## WHAT THE TASK ASKS
Each line from the one holding "BattleAxe Bundle in Roblox MM2" to the last line below must be restated word for word, and no picture may be included.
***** DATA BELOW
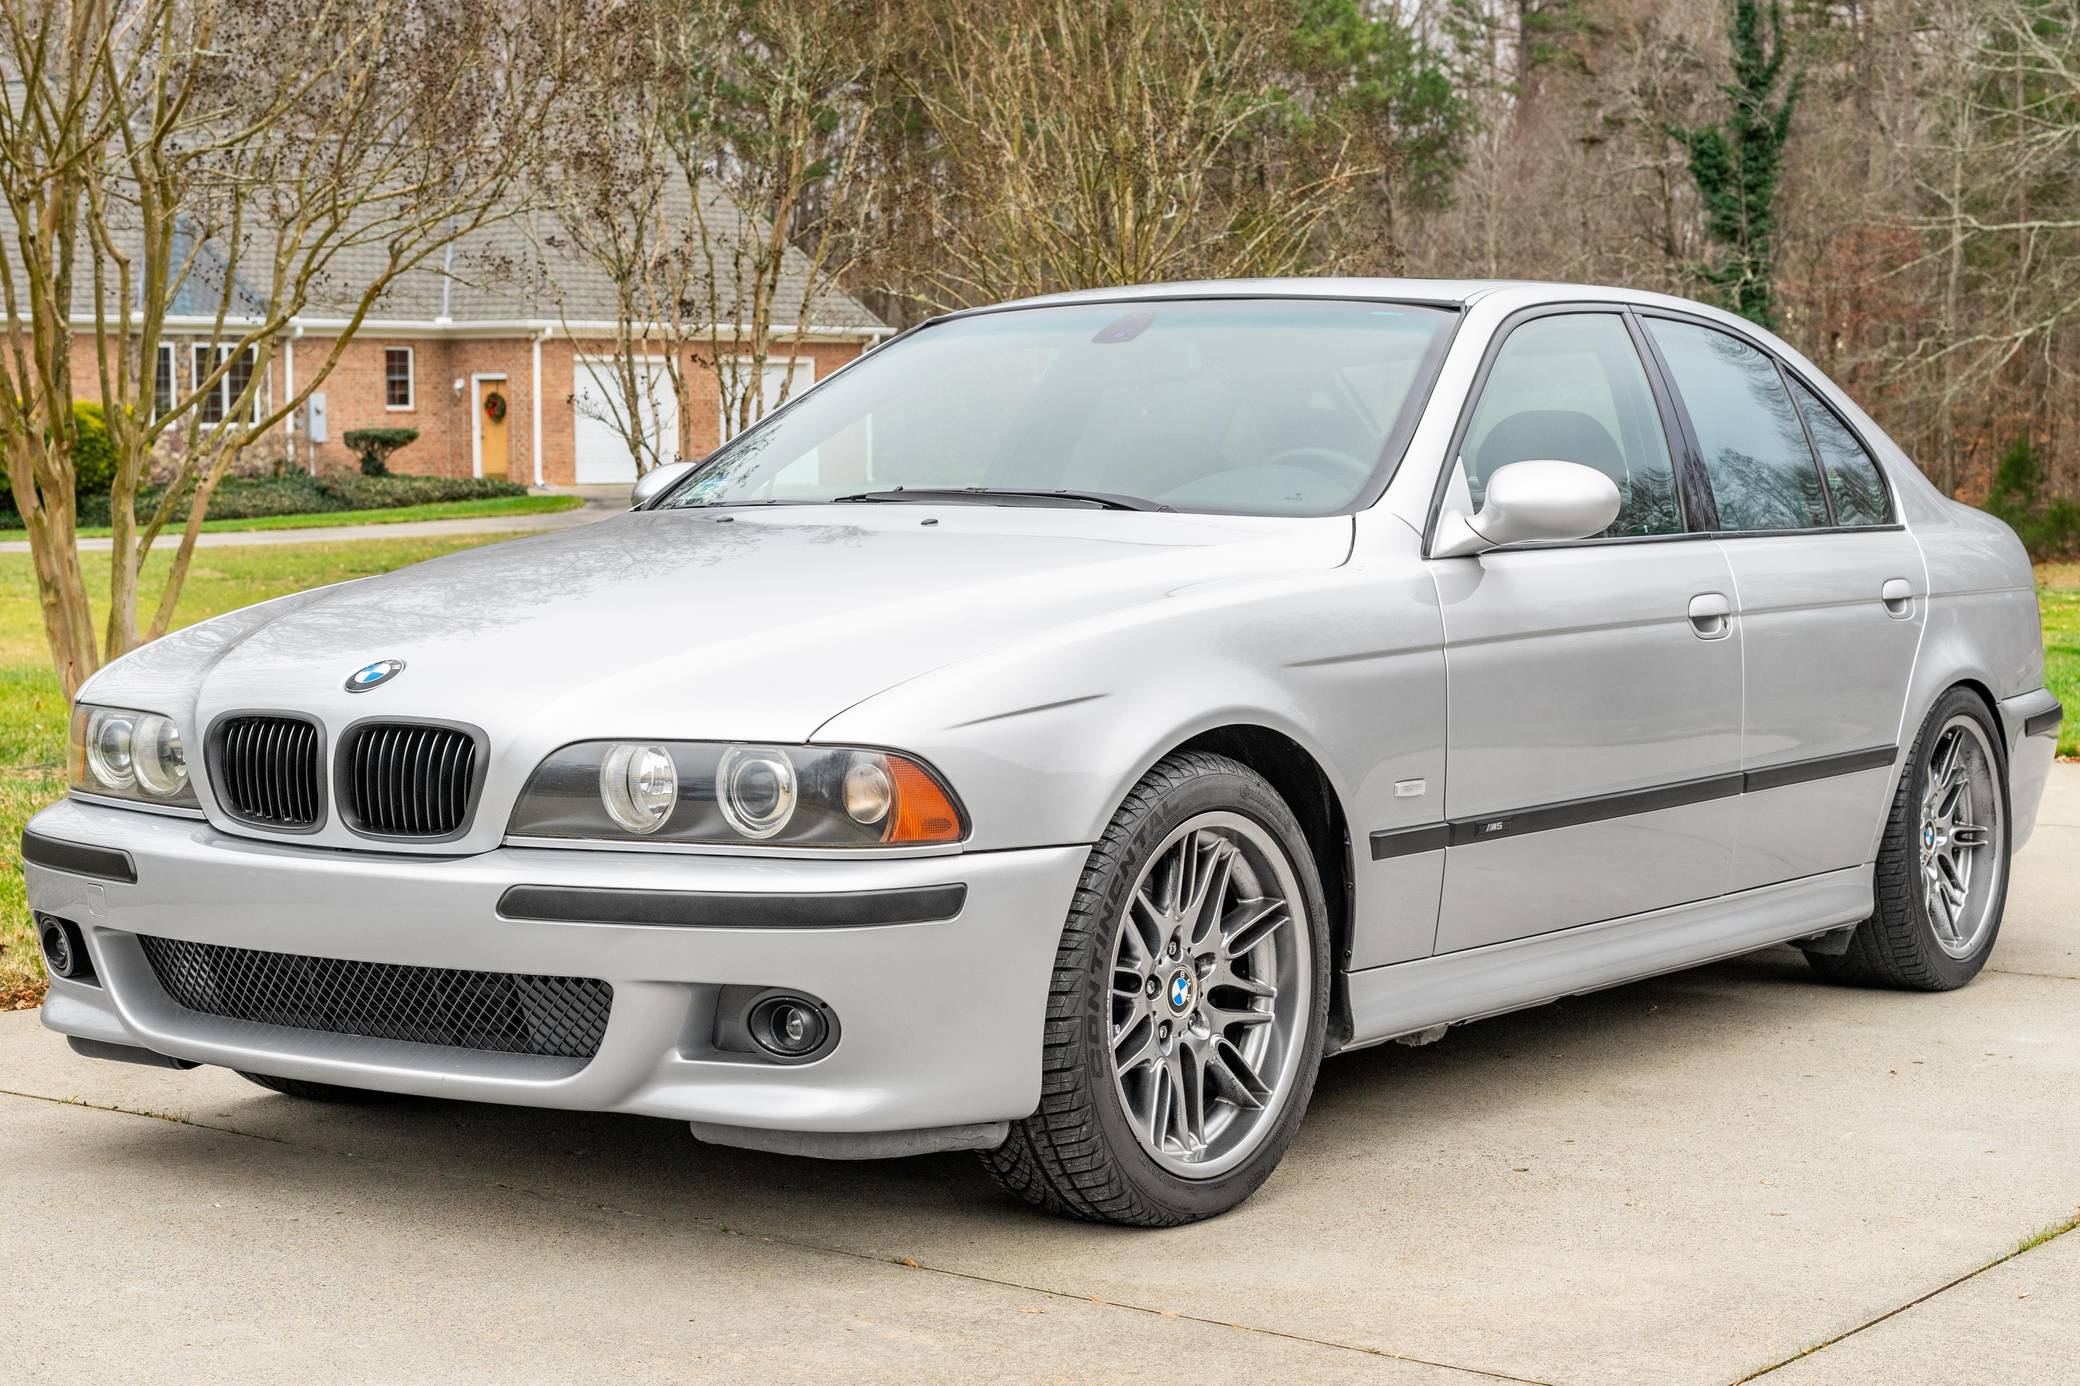 2000 BMW M5 ( E39 ) - Free high resolution car images
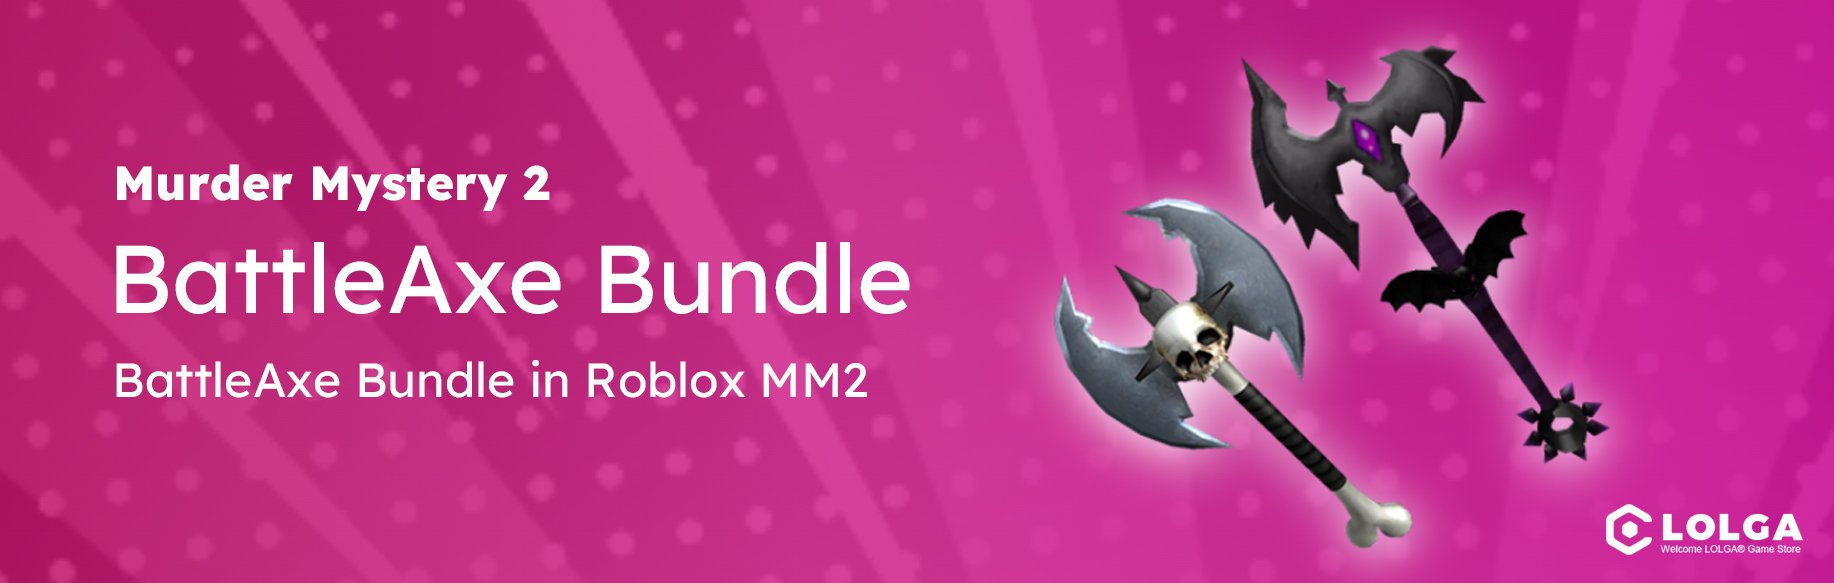 BattleAxe Bundle in Roblox MM2
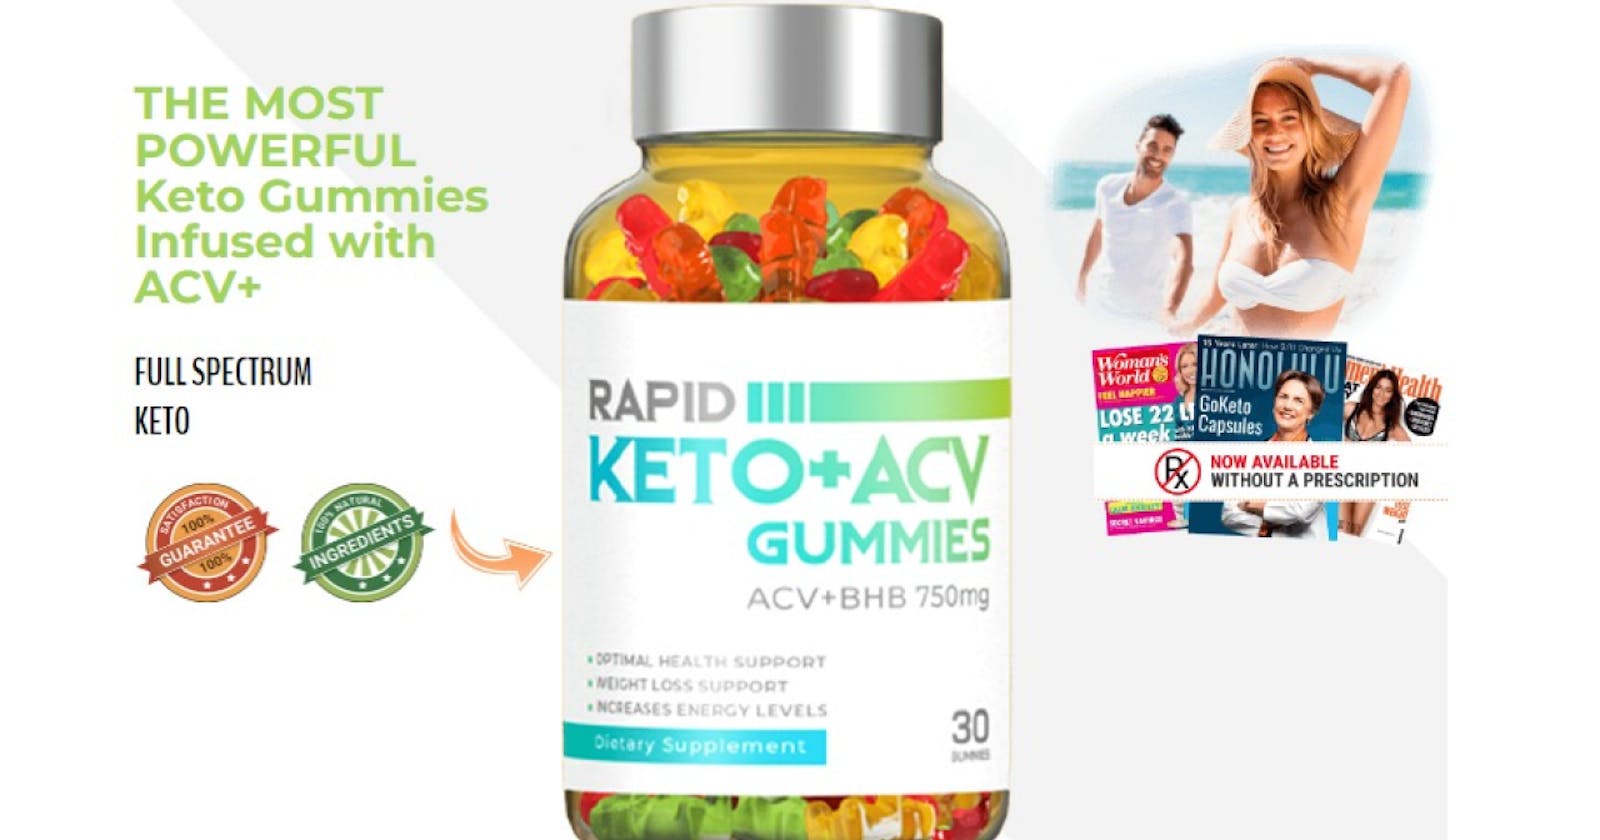 Rapid Keto ACV Gummies Benefits, Usage, and More (USA)
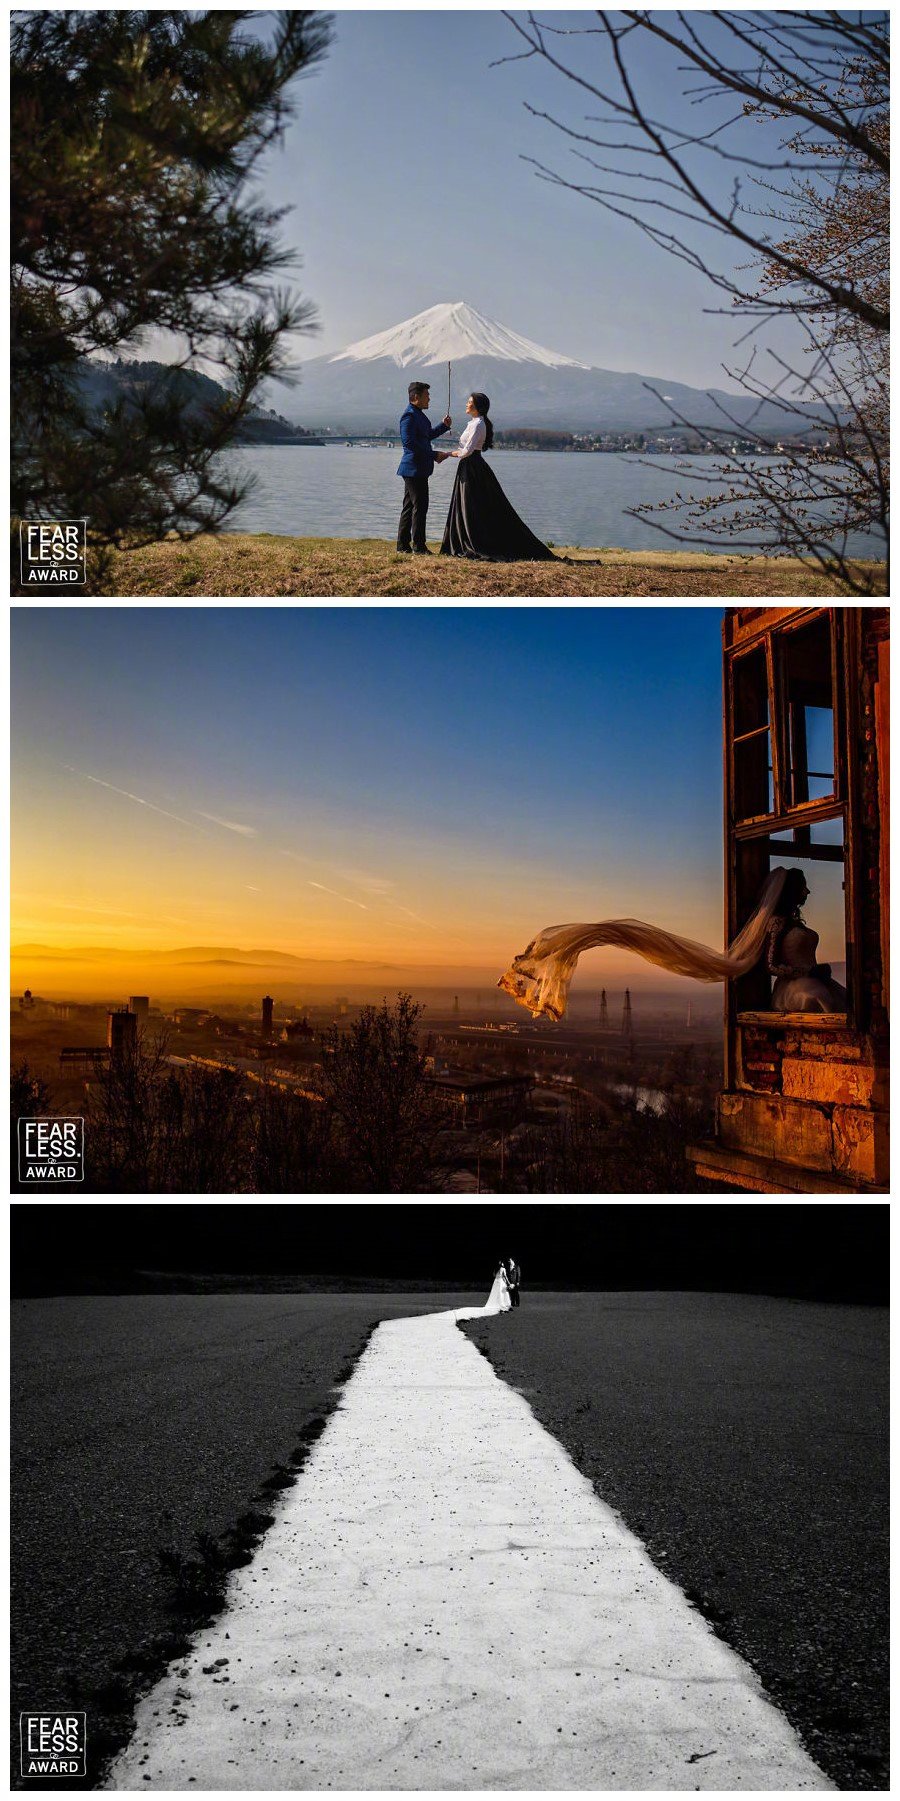 fearlessphotographers网站选出的2018年最佳婚礼照片，光影、构图、爱意、笑脸...凝结在瞬间的喜悦，让人心醉
**********
## FINISHED EXERCISE
 BattleAxe Bundle in Roblox MM2
 Rapid Keto ACV Gummies Benefits, Usage, and More (USA)
 fearlessphotographers网站选出的2018年最佳婚礼照片，光影、构图、爱意、笑脸...凝结在瞬间的喜悦，让人心醉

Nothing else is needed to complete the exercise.